Required action: Reproduce the listing word for word, leaving every picture behind.
___ Data provided
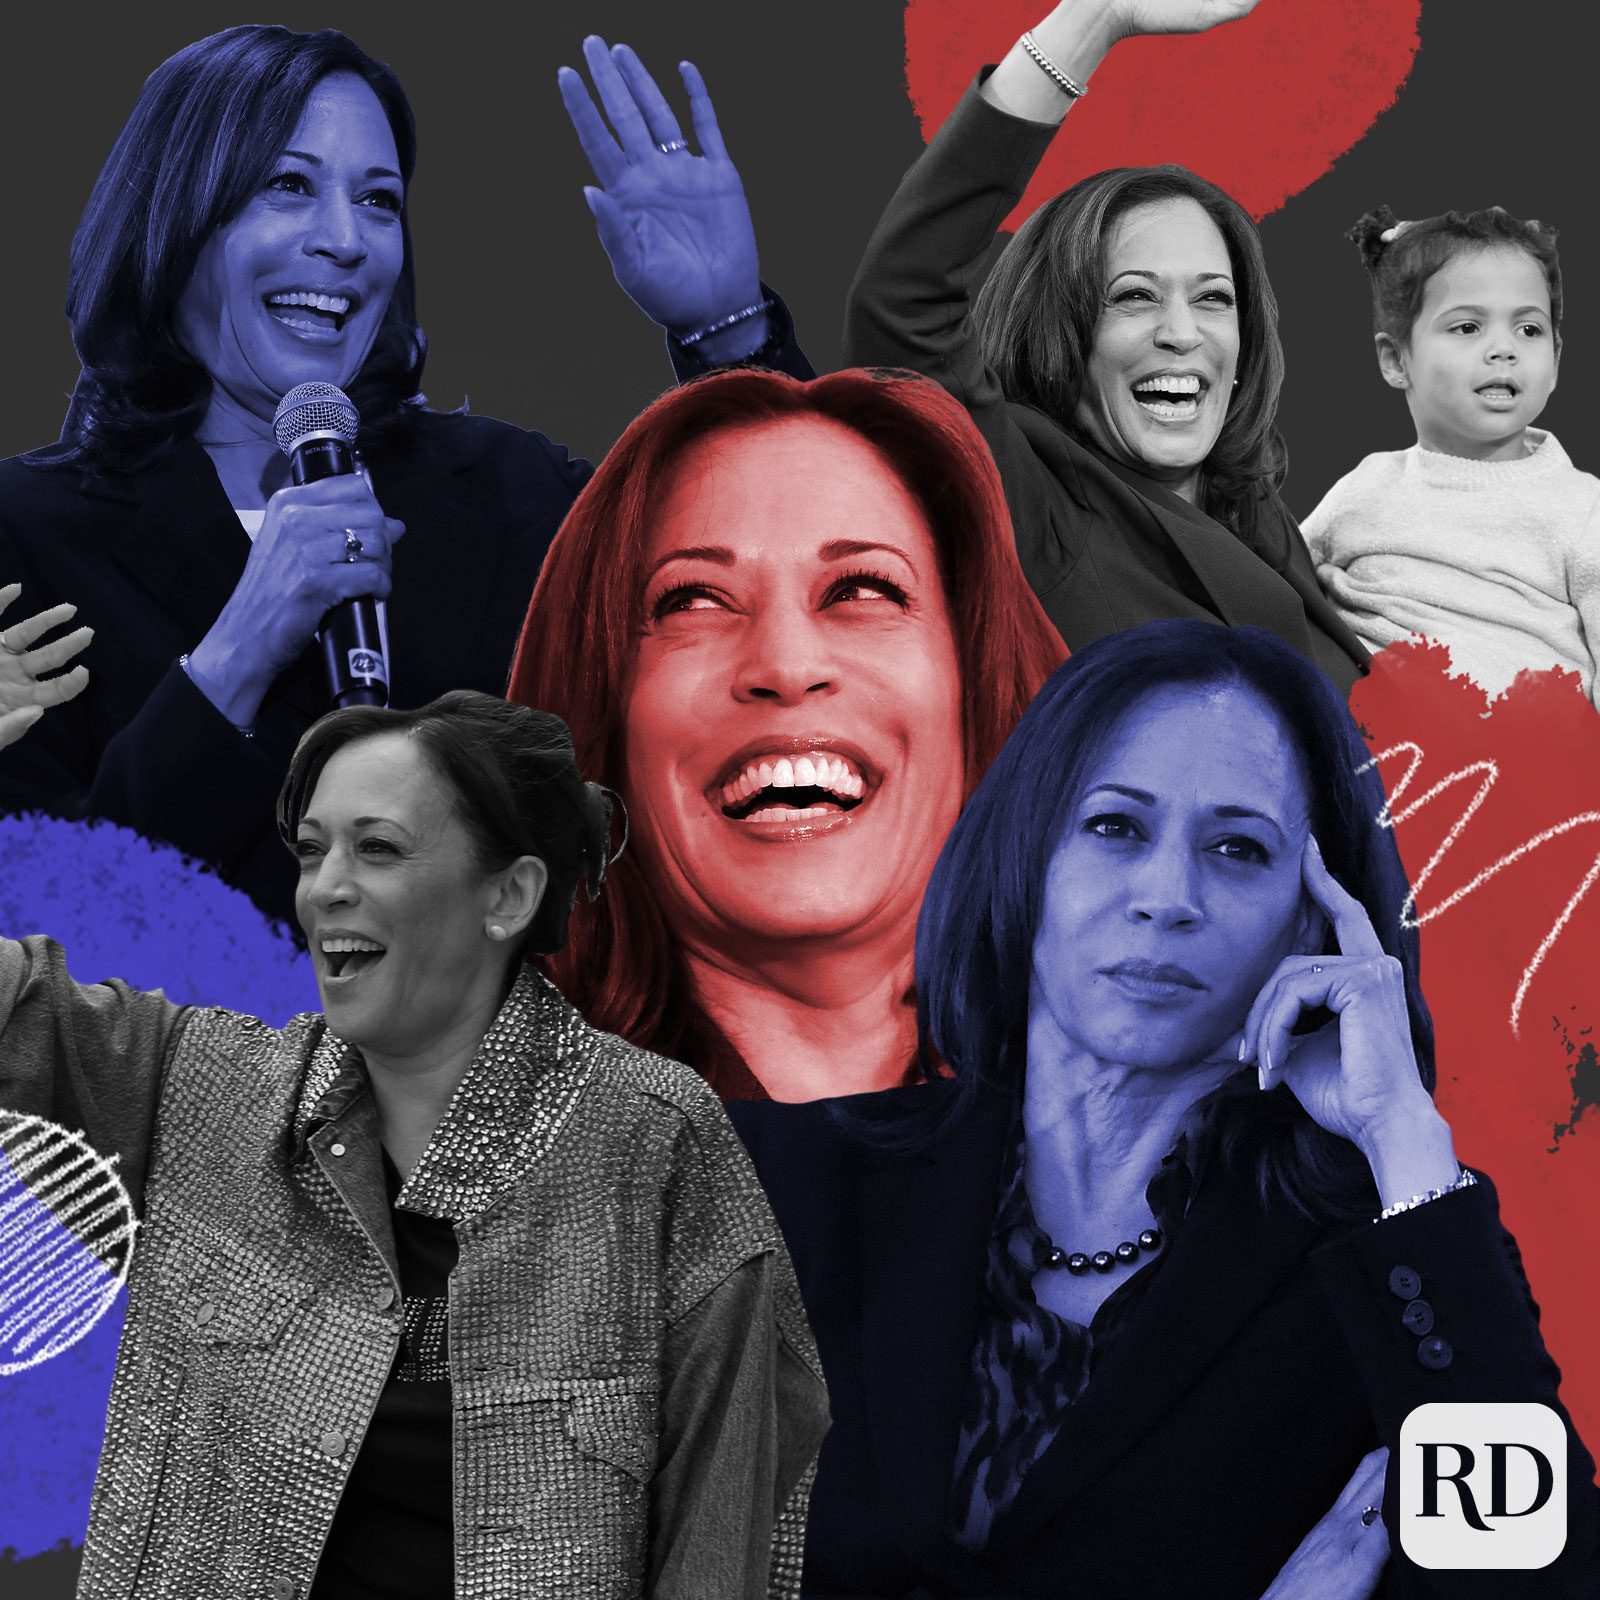 Collage of various images from Kamala Harris' career
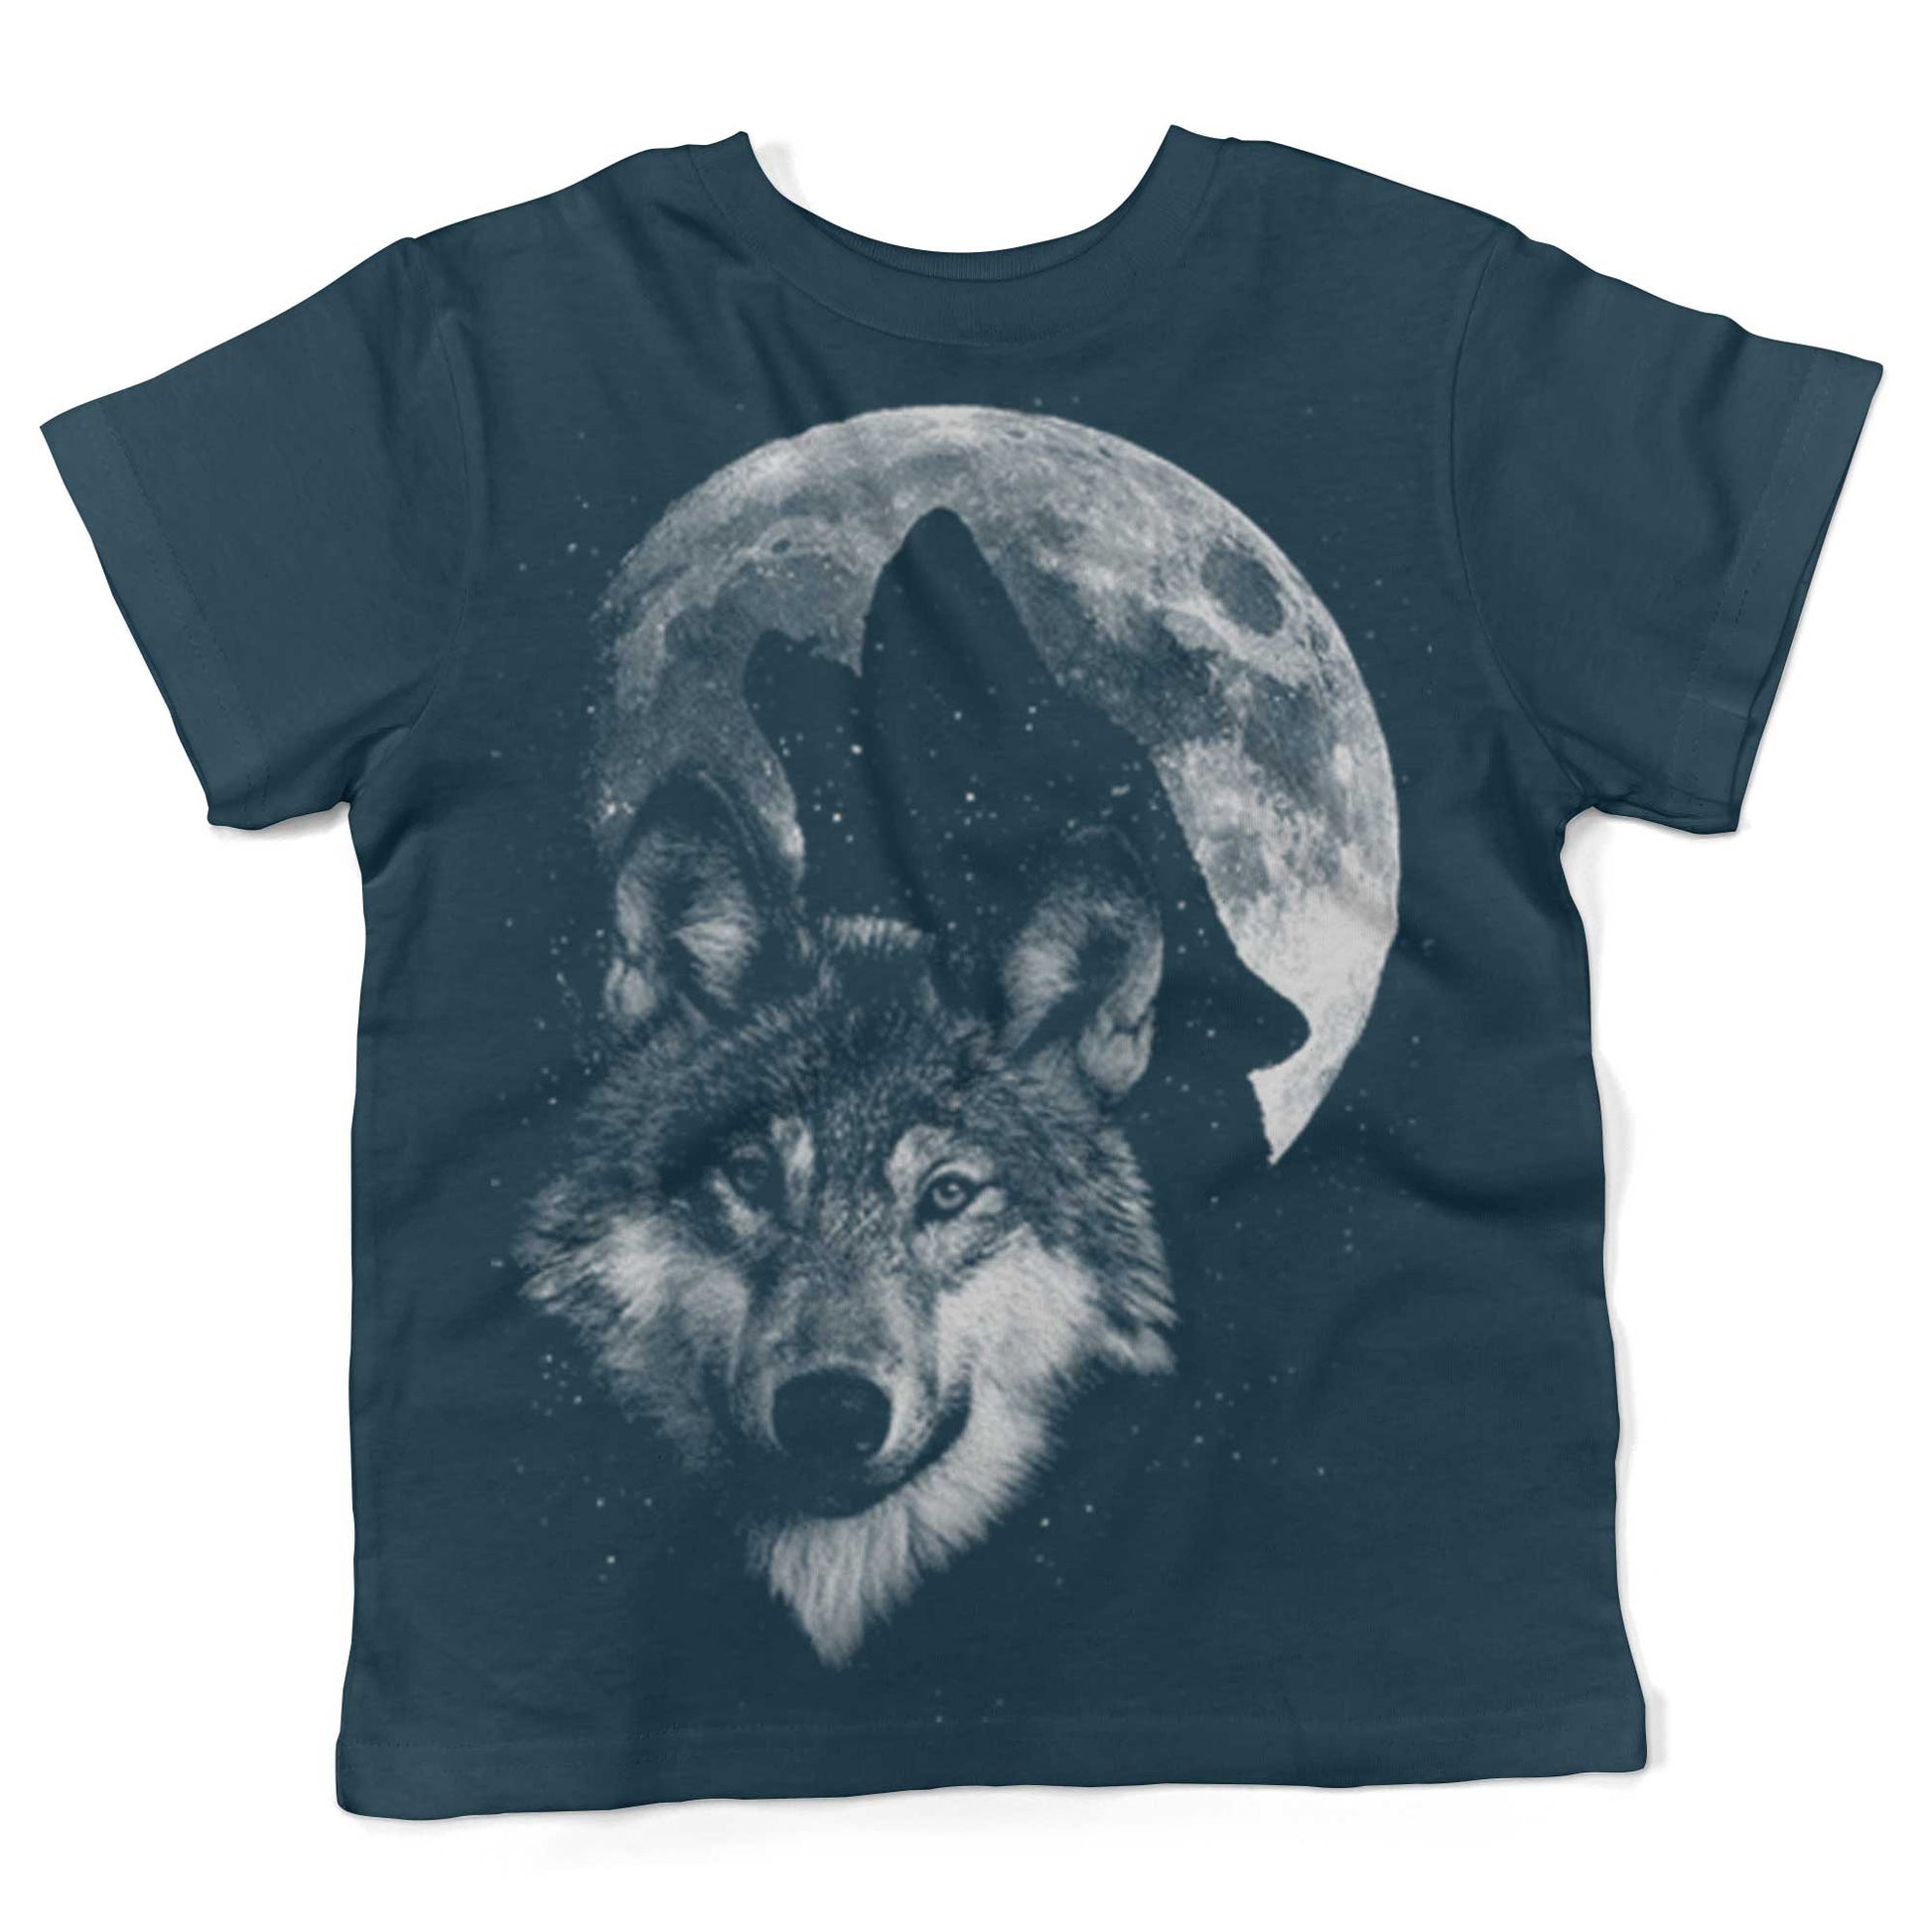 Glow In The Dark Howling Wolf, Full Moon Toddler Shirt-Organic Pacific Blue-2T
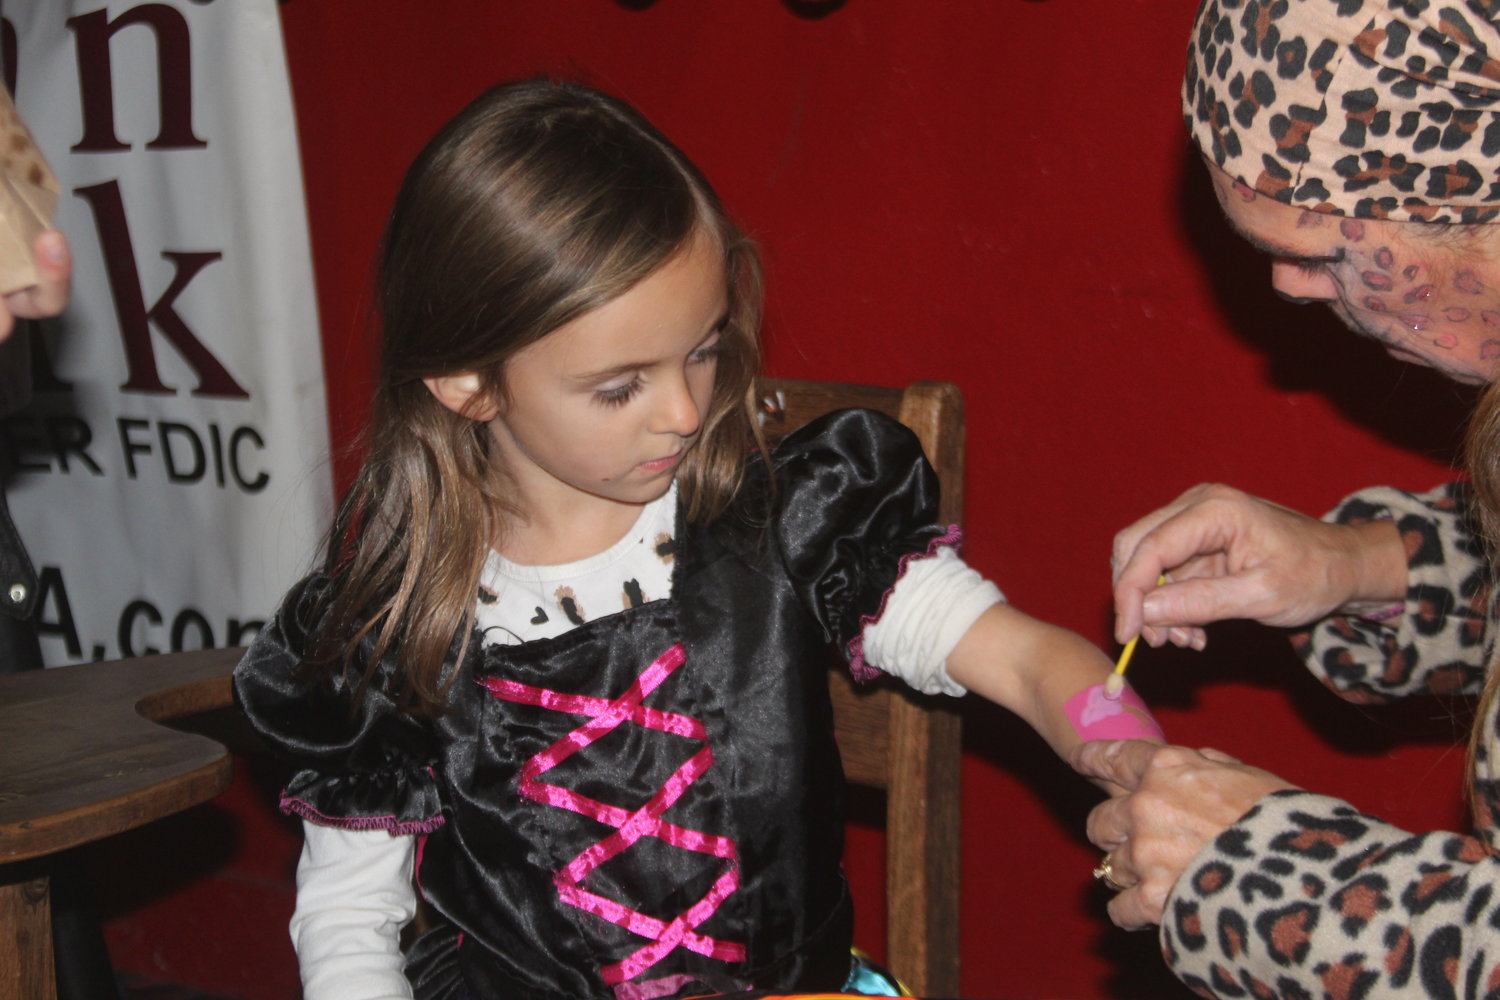 Dakota Blum gets a temporary tattoo at the Wellman Halloween Party at the Wellman Skating Rink on Oct. 31.
______
Answer to this task:
 Collage of various images from Kamala Harris' career
 Glow In The Dark Howling Wolf, Full Moon Toddler Shirt-Organic Pacific Blue-2T
 Dakota Blum gets a temporary tattoo at the Wellman Halloween Party at the Wellman Skating Rink on Oct. 31.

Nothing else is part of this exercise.